Founding Director, Chief Vision Facilitator of GINHAWA Inc.
Ms. Leah Tolentino “breathes” GINHAWA every day as she learns and teachers the essence of well-being that embraces the personal, societal and ecological.
Leah is a teacher’s teacher on spirituality and transformation, an artist-healer who uses the psycho-soma-spirit approach, a well-being consultant, guide-mentor for those seeking a conscious path in the work of healing and renewal.
Ms. Leah’s journey from chronic ailment and auto-immune disorder to long-term healing enabled her to discover inherent well-being capacities. After bouncing back to health, she committed to a path of facilitating healing to a wide variety of client groups, including those who were in dire need of healing, like abused children, women in crisis, and people living with HIV+/AIDS.
These experiences honed her competencies and compassion as she embarked on studies and immersive lessons in the fields of spirituality, holistic health, creative expressions, body-mind-spirit studies, social sciences, arts, and integral inner work.
Leah has a master’s degree in Creation Spirituality from Naropa University, based in Colorado, USA, and has completed the course work in the doctoral program of Applied Cosmic Anthropology at the Asian Social Institute (ASI).

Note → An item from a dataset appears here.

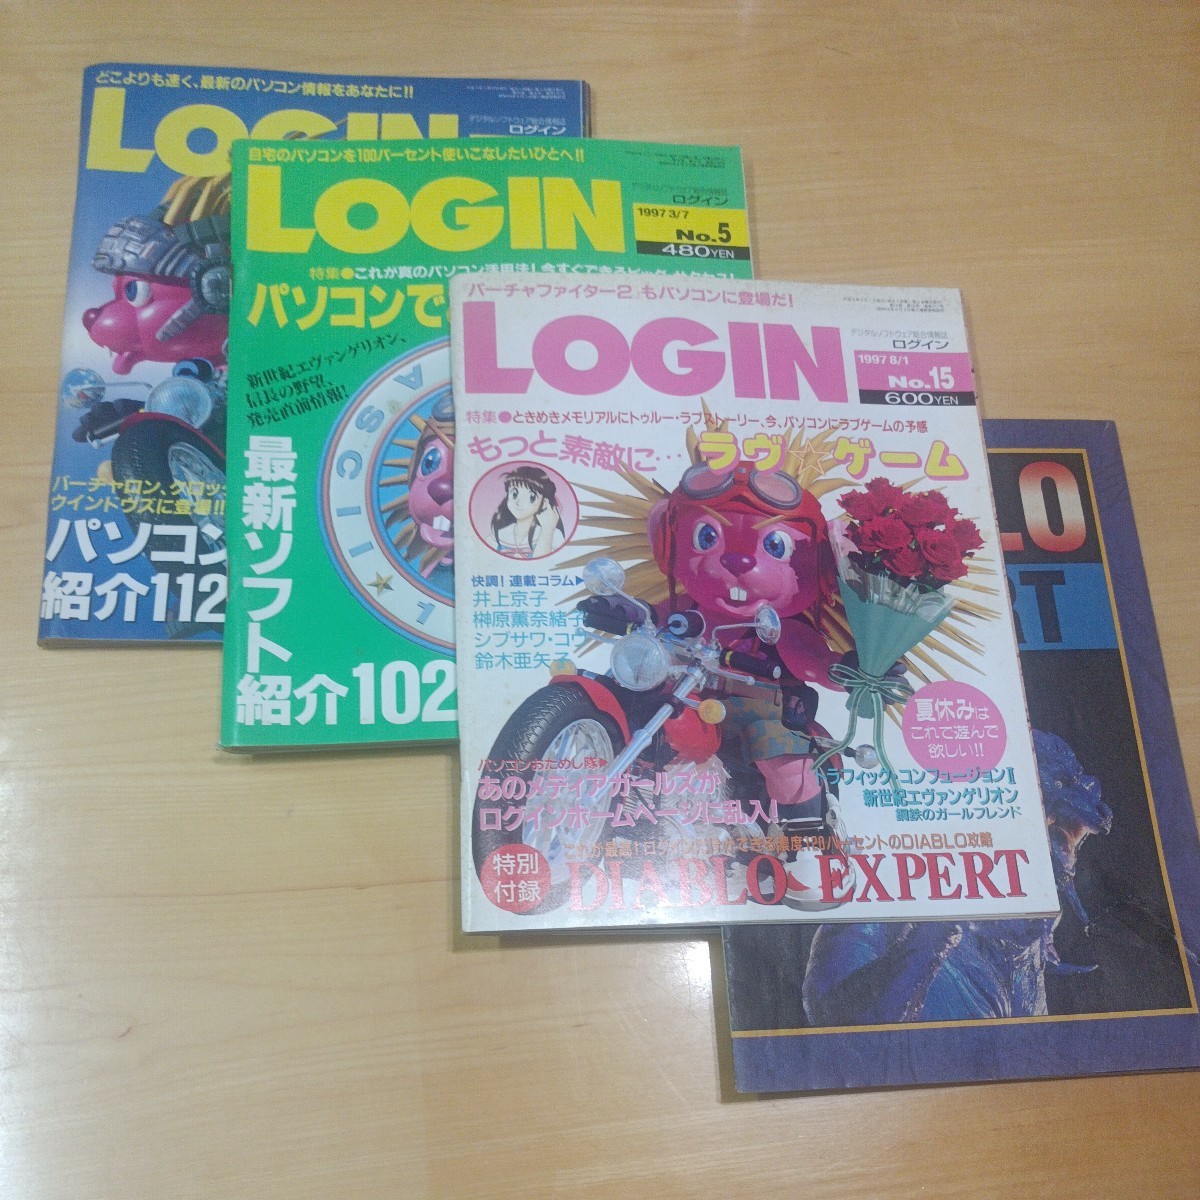 月刊ログイン LOG iN 1997 No.4 No.5 No.15 3冊セット No.15 別冊付録1冊_画像1

Leah completed a graduate certificate program at the Pacific School of Religion, Berkeley, USA, and has finished a Specialty Certificate in Sacred Dance (Healing, Renewal, Transformation) at the Center for Arts. Religion and Education, an affiliate center of the Graduate Theological Union in Berkeley, USA. She has studies in Pastoral Psychology (CEFAM-Ateneo) Oriental Healing Arts and Indigenous Sacred ways with wisdom keepers from various Philippines cultural communities.
As the principal program developer of GINHAWA, she has conceptualized and implemented well-being retreats, creative culture-affirming classes, transformative sessions for the Filipinos both locally and overseas, for over two decades. And brought GINHAWA programs to Filipinos, where and when it mattered most: like de-stressing sessions for frontliners during the pandemic, post-trauma, and healing sessions for those severely affected by super typhoon Yolanda (Haiyan, international name), a month after it struck the hardest in Eastern Visayas.
As a well-being consultant and resource person to various organizations, Leah has developed and conducted programs for government and corporate executives, NGOs, humanitarian organizations, universities and educational institutions, religious and faith-based organizations.
Currently a faculty in the post-graduate program of the Asian Social Institute, part-time faculty of the Institute of Formation for Religious Studies, resource-person/faculty at the Institute of Formation, Fondacio-Asia. She was featured in the book “101 Outstanding Filipino Achievers”, published in 2009.